The flaws in the American election system are deep and widespread, extending beyond isolated voting issues in a few locations and flaring up in states rich and poor, according to a major new study from the Pew Charitable Trusts. The group ranked 50 states based on more than 15 criteria, including wait times, lost votes and problems with absentee and provisional ballots, and the order often confounds the conventional wisdom. In 2010, for instance, Mississippi ranked last overall. But it was preceded by two surprises: New York and California. “Poor Southern states perform well, and they perform badly,” said Heather K. Gerken, a law professor at Yale and a Pew adviser. “Rich New England states perform well and badly — mostly badly.”
A main aim of the exercise, which grew out of Professor’s Gerken’s 2009 book, “The Democracy Index,” was to shame poor performers into doing better, she said. “Peer pressure produces horrible things like Britney Spears and Justin Bieber and tongue rings,” she said. “But it also produces professional peer pressure.”

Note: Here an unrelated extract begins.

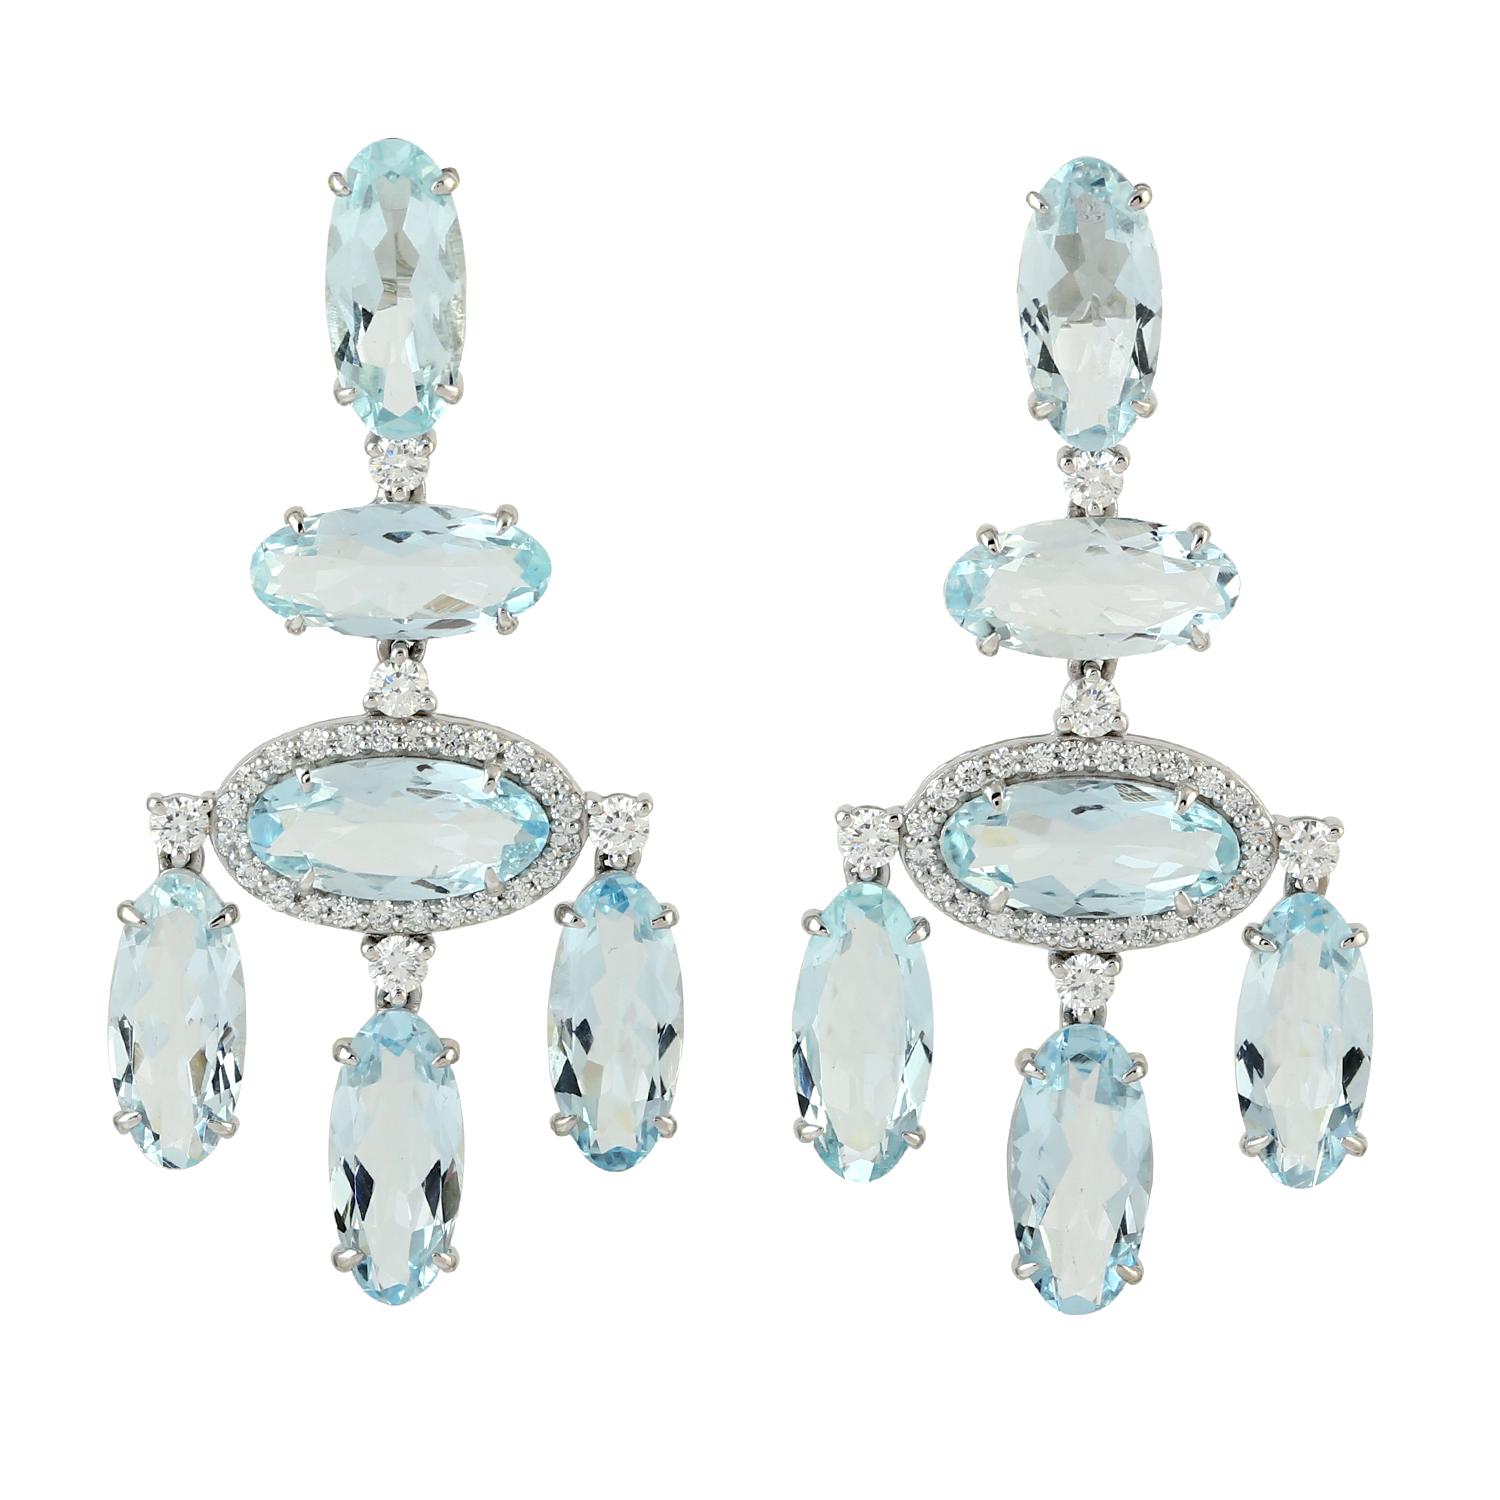 Cast in 14 karat gold, these exquisite earrings are hand set with 12.77 carats blue topaz and .74 carats of glimmering diamonds. 

FOLLOW MEGHNA JEWELS storefront to view the latest collection & exclusive pieces. Meghna Jewels is proudly rated as a

The project includes an interactive tool that allows rankings by individual criteria or clusters of them.
Some states, for instance, lost very few votes thanks to shortcomings in voting technology and voter confusion, with the best 10 reporting failure rates of 0.5 percent or less in 2008. In West Virginia, by contrast, the rate was 3.2 percent.
Natalie Tennant, West Virginia’s secretary of state, said that she was not happy with that result and that she would look hard at Pew’s data and methodology. But she added that “2012 went really well, even with Sandy,” referring to the hurricane that disrupted early voting in the last election. “We were humming.”
“You’re only as good as your next election,” she said.
The Pew study is based on data from the 2008 and 2010 elections, the most recent for which comprehensive data were available.